== BRIEF ==
Restate each line below word for word, skipping every picture.

== GIVEN DATA ==
<<<<

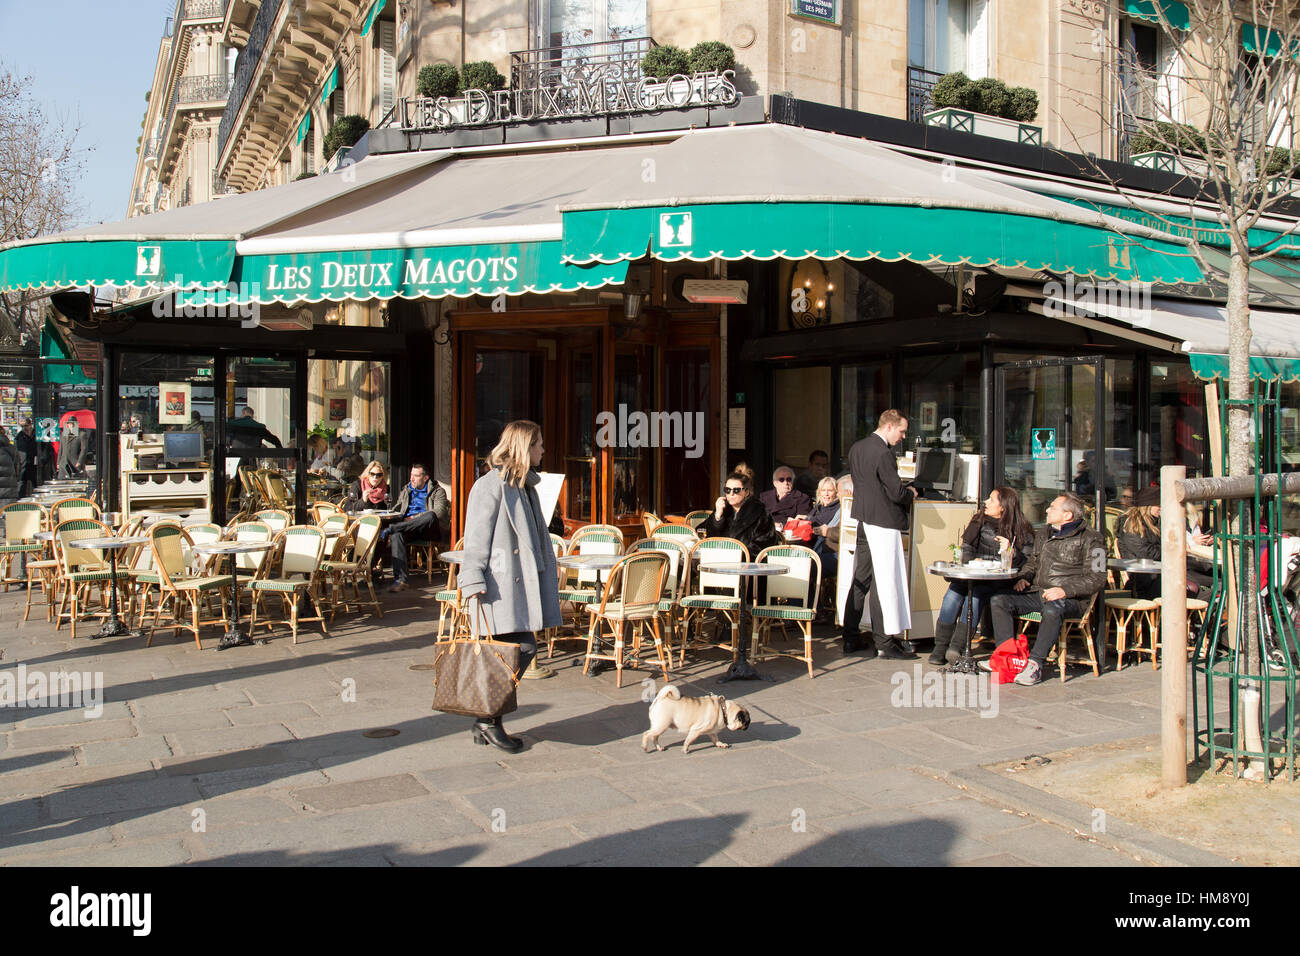 Tourists sitting outside Les Deux Magots cafe in Paris France in winter Stock Photo
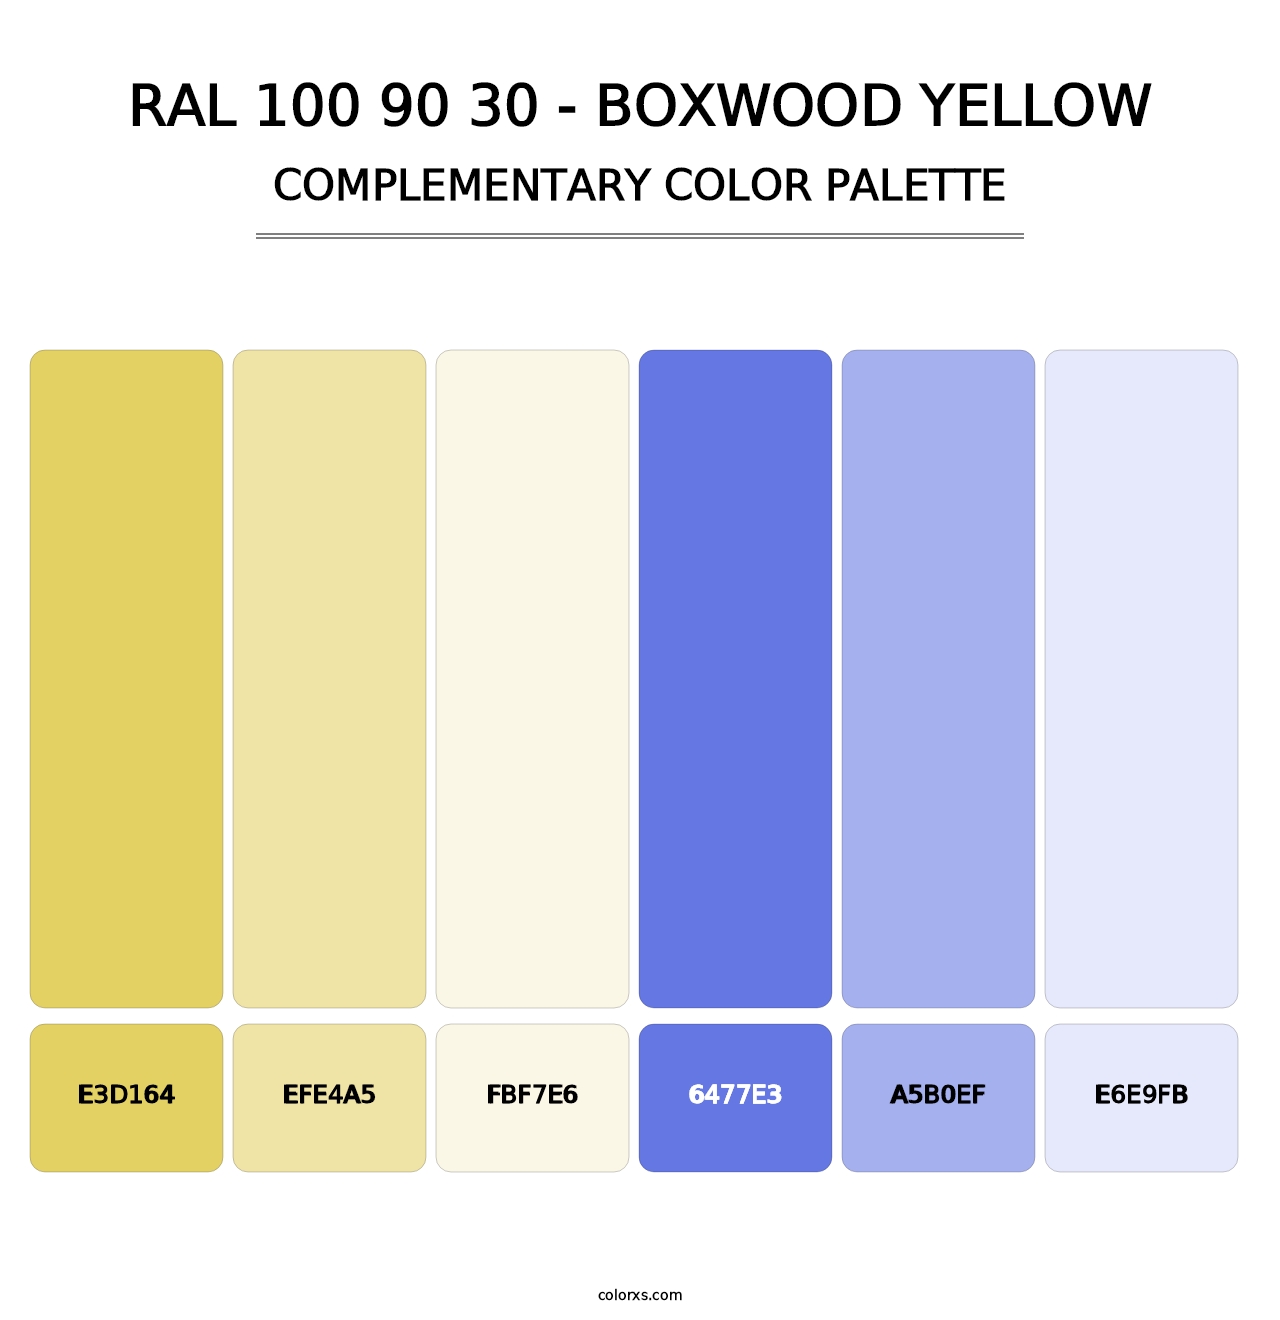 RAL 100 90 30 - Boxwood Yellow - Complementary Color Palette
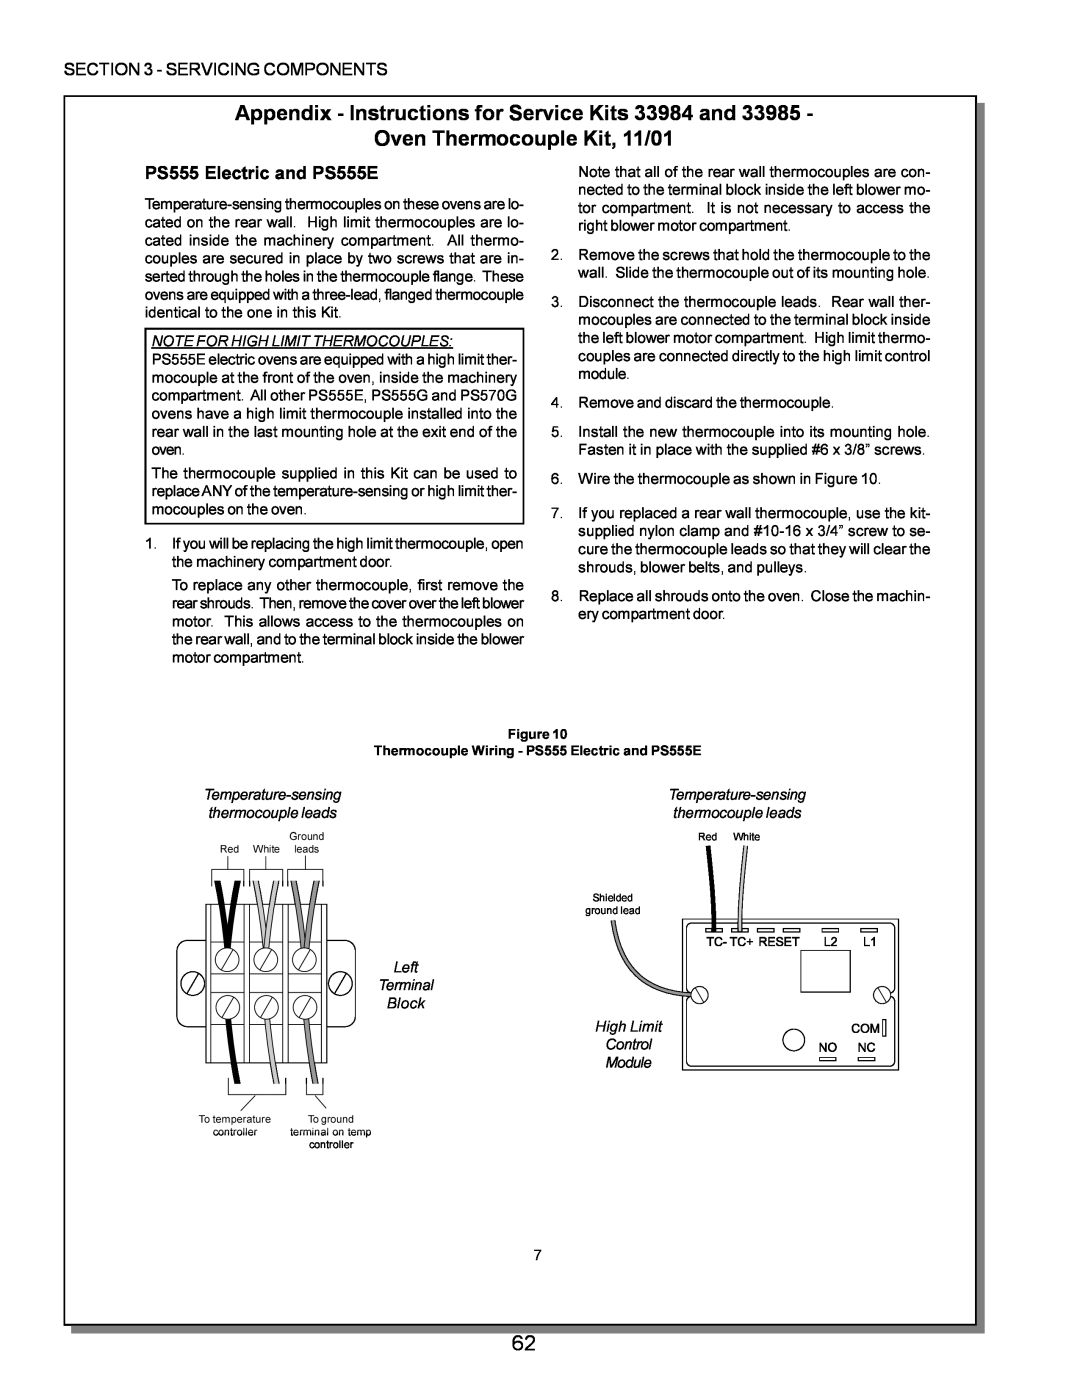 Middleby Marshall PS555, PS570, PS360 manual Appendix - Instructions for Service Kits 33984 and, Oven Thermocouple Kit, 11/01

>>>>

== WRITTEN SOLUTION ==
 Tourists sitting outside Les Deux Magots cafe in Paris France in winter Stock Photo
 RAL 100 90 30 - Boxwood Yellow - Complementary Color Palette
 Middleby Marshall PS555, PS570, PS360 manual Appendix - Instructions for Service Kits 33984 and, Oven Thermocouple Kit, 11/01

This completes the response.